Schüssel-Stummvoll mit langfristigen Vorschlägen - Gusenbauer mit Androsch, aber ohne Regierungserfahrung
Wien (övp-pk) - "Hannes Androsch hat völlig Recht mit seiner heutigen Aussage, wonach 'Die Leute der inhaltlosen Phrasen müde sind' - und zwar jenen der SPÖ", sagte ÖVP-Finanzsprecher Dr. Günter Stummvoll am Dienstag (19. 11.) zu den jüngsten wirtschaftspolitischen Aussagen von SPÖ-Chef Alfred Gusenbauer und Hannes Androsch. Es sei für eine ehemals staatstragende Partei "beschämend, ihn welch substanzloser Aufzählung von Gemeinplätzen und Floskeln ohne Inhalt" sich ihr Vorsitzender - der über keinerlei Regierungserfahrung verfügt - ergehen würden, so Stummvoll.
"Die SPÖ verspricht den Menschen alles, ohne jemals zu erklären, wie sie die Dinge finanzieren will. Fast kommt man sich vor wie in Alfred Gusenbauers vorweihnachtlichem Wunschkonzert", sagte Stummvoll. Realistisch seien die wenigen konkreten Vorstellungen, die sich im SPÖ-Sammelsurium der Beliebigkeiten finden würden, nicht. "Während Kanzler Schüssel und Finanzminister Grasser ein langfristiges Programm für die österreichische Wirtschaft mit konkreten Entlastungs- und Strukturmaßnahmen vorlegen, muss die SPÖ mit Hannes Androsch Rückgriffe auf ihr Personal und die Politik der 70er Jahre machen", so Stummvoll.
   
 Schweitzer: "Die rote Nehmerphilosophie - Kürzung der Leistungen oder Erhöhung der Zahlungen"
SPÖ bedeutet Stillstand und Belastungen
Wien (fpd) - "Hannes Androsch hat heute in seiner Pressekonferenz genau das gefordert, was jetzt gerade in Deutschland passiert. Und Alfred Gusenbauer sitzt daneben und tut so, als hätte er damit nichts zu tun", sagte FPÖ-Klubobmann Mag. Karl Schweitzer zur heutigen gemeinsamen Pressekonferenz von Androsch und Gusenbauer.

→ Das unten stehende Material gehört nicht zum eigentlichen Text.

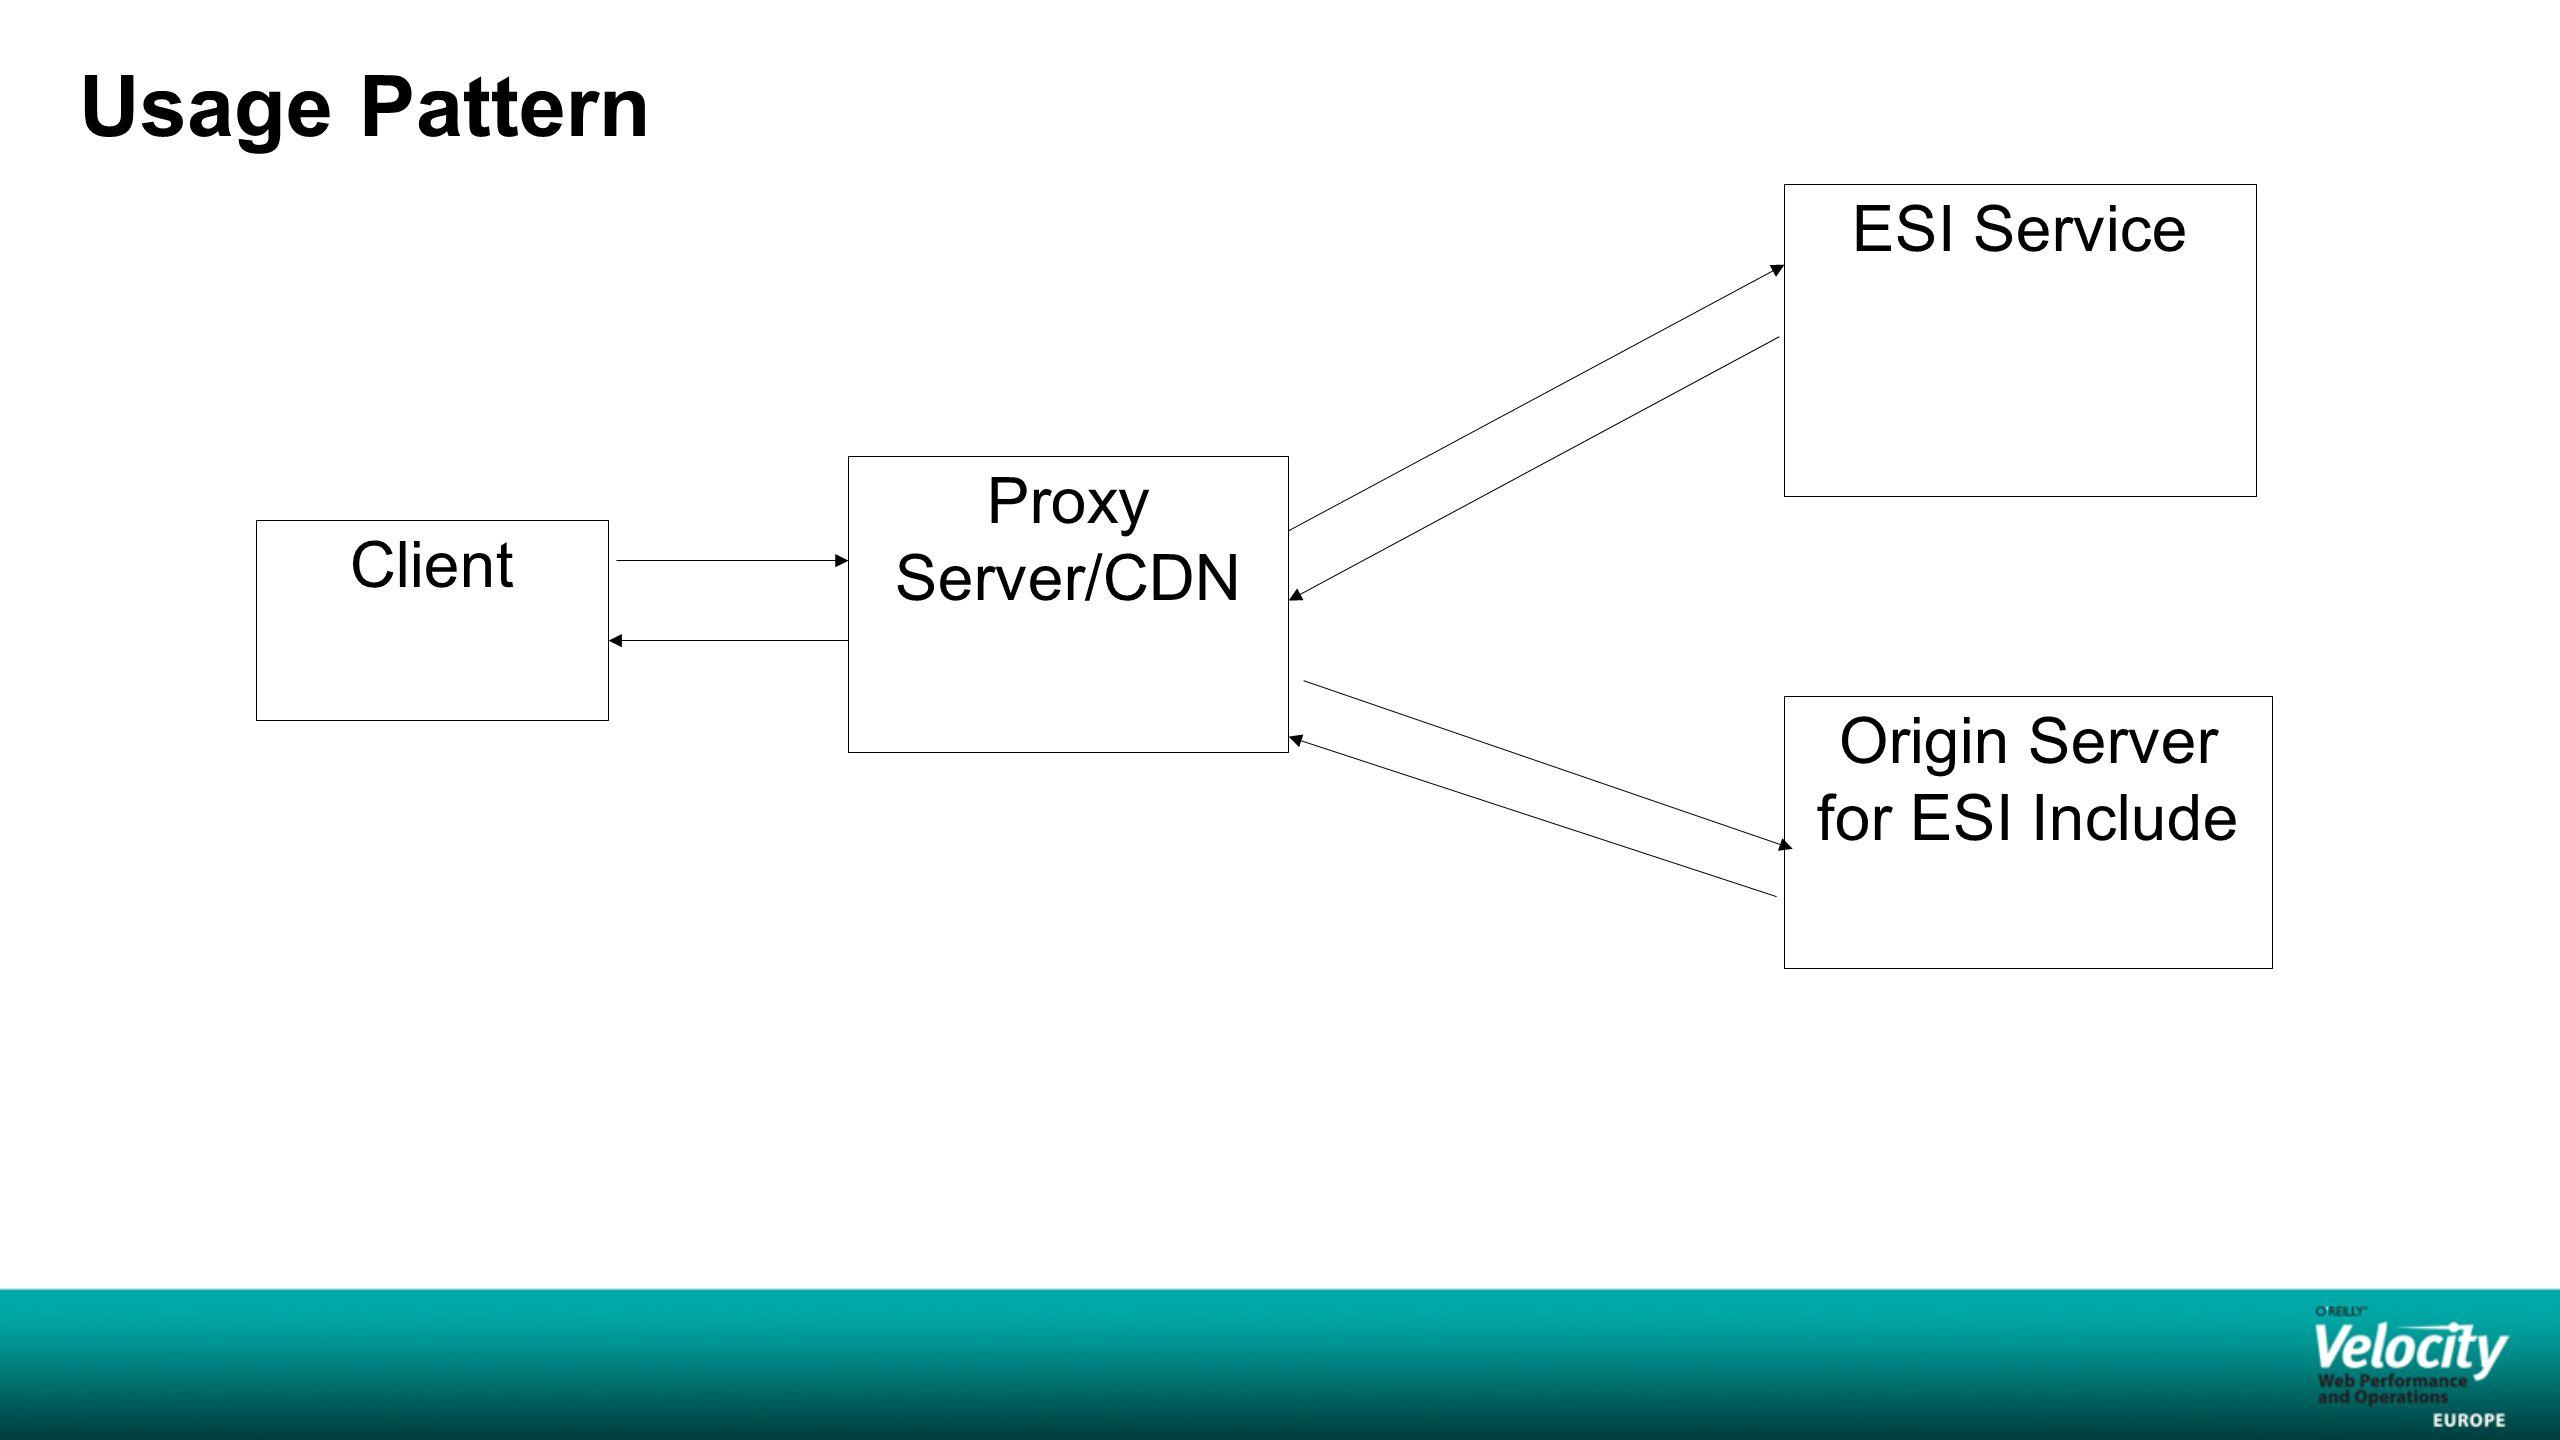 Usage Pattern Client Proxy Server/CDN ESI Service Origin Server for ESI Include

Seit heute sei endgültig klar, was sozialistische Politik bedeute und was die Österreicher im Falle einer sozialistischen Regierungsbeteiligung erwarte: "Kürzung der Leistungen oder Erhöhung der Zahlungen - das ist die rote Nehmerphilosophie", brachte es Schweitzer auf den Punkt. "Wo Rot regiert, wird abkassiert."
Daß die SPÖ für Reformen zu haben sei, nehme ihr nach der heutigen Pressekonferenz niemand mehr ab, betonte Schweitzer. "Die SPÖ bedeutet Stillstand und Belastungen - wir stehen für Reformen." Letztlich sei es auch egal, mit wem die SPÖ im Falle des Falles eine Koalition eingehe. "Ob rotschwarzer Stillstand, ob rotgrünes Chaos - draufzahlen muß der Bürger. Denn in dessen Tasche greifen beide Modelle."